LogisticRegression()

In [20]:
#Make predictions using the testing set
# create a predictor object and fit the training dataset into it
y_pred = logReg.predict(x_test)
y_pred

array([0, 0, 0, 0, 0, 0, 0, 0, 0, 0, 0, 0, 1, 1, 0, 0, 0, 0, 0, 0, 0, 0,
       1, 0, 0, 0, 0, 0, 0, 0, 0, 0, 0, 1, 0, 1, 0, 0, 0, 1, 0, 0, 0, 0,
       0, 0, 1, 0, 0, 0, 0, 0, 0, 0, 1, 0, 0, 0, 1, 0, 1, 0, 1, 0, 1, 0,
       1, 0, 1, 1, 1, 1, 1, 0, 0, 0, 0, 0, 0, 1, 1, 0, 1, 0, 1, 0, 1, 1,
       0, 0, 0, 0, 0, 0, 0, 0, 0, 0, 1, 0, 0, 0, 1, 0, 0, 0, 0, 1, 0, 0,
       0, 0, 0, 0, 1, 0, 0, 0, 0, 0, 0, 1, 0, 1, 0, 0, 0, 1, 1, 0, 1, 0,
       0, 0, 0, 0, 0, 1, 0, 0, 0, 0, 0, 1, 0, 1, 0, 0, 0, 0, 0, 1, 0, 0,
       1, 1, 1, 0, 0, 0, 1, 1, 0, 0, 0, 1, 0, 0, 1, 1, 0, 0, 0, 0, 0, 1,
       0, 0, 0, 0, 1, 0, 0, 0, 0, 0, 0, 1, 0, 1, 1, 0], dtype=int64)

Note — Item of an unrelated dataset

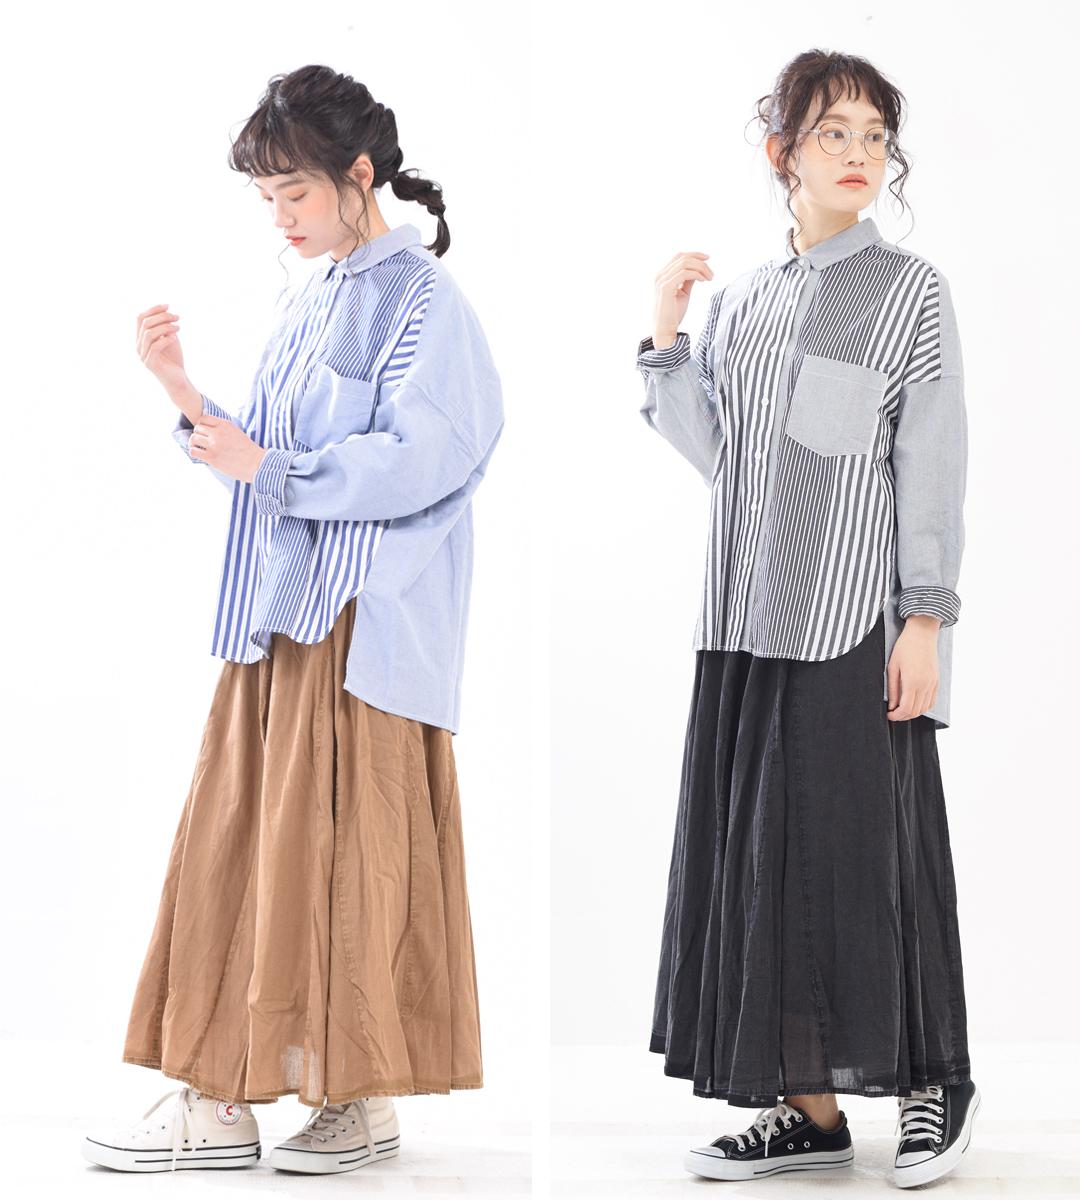 cd5a33d5776 Indian Cotton Skirts And Tops   Saddha

#### 7: Check the accuracy of the model

In [22]:
#Evaluate the accuracy of your model
from sklearn import metrics
print(metrics.accuracy_score(y_test, y_pred)) # closed the metric to one higher the accuracy

0.6927083333333334


In [24]:
#Print the first 30 actual and predicted responses
print('Actual: ', y_test.values[0:30])
print('Predicted: ', y_pred[0:30] )

Actual:  [0 0 0 0 0 0 0 0 0 0 0 0 1 1 0 1 1 0 0 0 1 1 1 1 0 0 0 1 0 1]
Predicted:  [0 0 0 0 0 0 0 0 0 0 0 0 1 1 0 0 0 0 0 0 0 0 1 0 0 0 0 0 0 0]


In [None]:
# With higher SSR or SSE, the prediction will be less accurate and the model will not be the best fit for the attributes.